Cellular proliferation dynamics during regeneration in Syllis malaquini (Syllidae, Annelida).

BACKGROUND: In syllids (Annelida, Syllidae), the regenerative blastema was subject of many studies in the mid and late XXth century. This work on syllid regeneration showed that the blastema is developed by a process of dedifferentiation of cells near the wound, followed by their proliferation and redifferentiation (cells differentiate to the original cell type) or, in some specific cases, transdifferentiation (cells differentiate to a cell type different from the original). Up to date, participation of stem cells or pre-existing proliferative cells in the blastema development has never been observed in syllids. This study provides the first comprehensive description of Syllis malaquini's regenerative capacity, including data on the cellular proliferation dynamics by using an EdU/BrdU labelling approach, in order to trace proliferative cells (S-phase cells) present before and after operation. RESULTS: Syllis malaquini can restore the anterior and posterior body from different cutting levels under experimental conditions, even from midbody fragments. Our results on cellular proliferation showed that S-phase cells present in the body before bisection do not significantly contribute to blastema development. However, in some specimens cut at the level of the proventricle, cells in S-phase located in the digestive tube before bisection participated in regeneration. Also, our results showed that nucleus shape allows to distinguish different types of blastemal cells as forming specific tissues. Additionally, simultaneous and sequential addition of segments seem to occur in anterior regeneration, while only sequential addition was observed in posterior regeneration. Remarkably, in contrast with previous studies in syllids, sexual reproduction was not induced during anterior regeneration of amputees lacking the proventricle, a foregut organ widely known to be involved in the stolonization control.
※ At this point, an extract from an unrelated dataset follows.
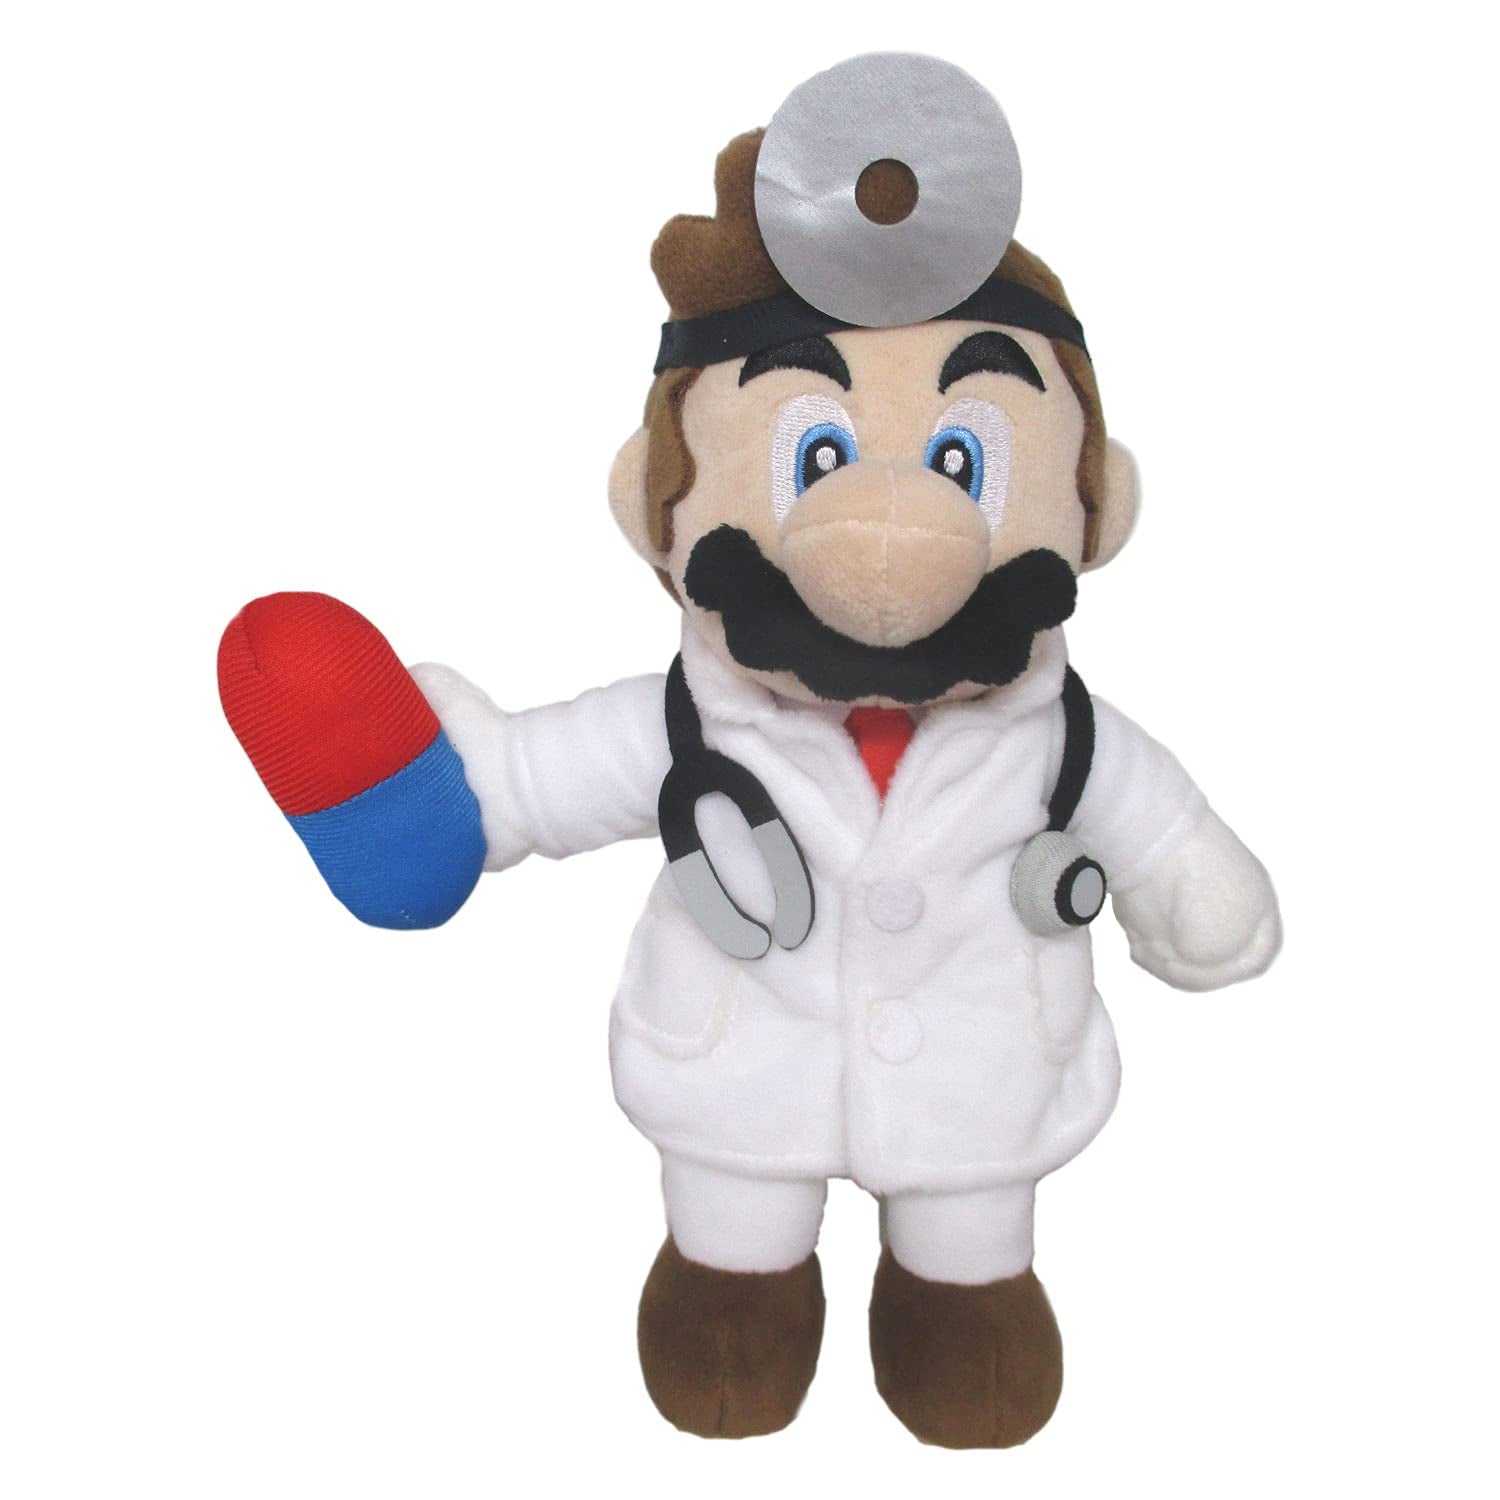 Little Buddy 1824 Dr. Mario World

CONCLUSIONS: Our findings led us to consider that although dedifferentiation and redifferentiation might be more common, proliferative cells present before injury can be involved in regenerative processes in syllids, at least in some cases. Also, we provide data for comparative studies on resegmentation as a process that differs between anterior and posterior regeneration; and on the controversial role of the proventricle in the reproduction of different syllid lineages.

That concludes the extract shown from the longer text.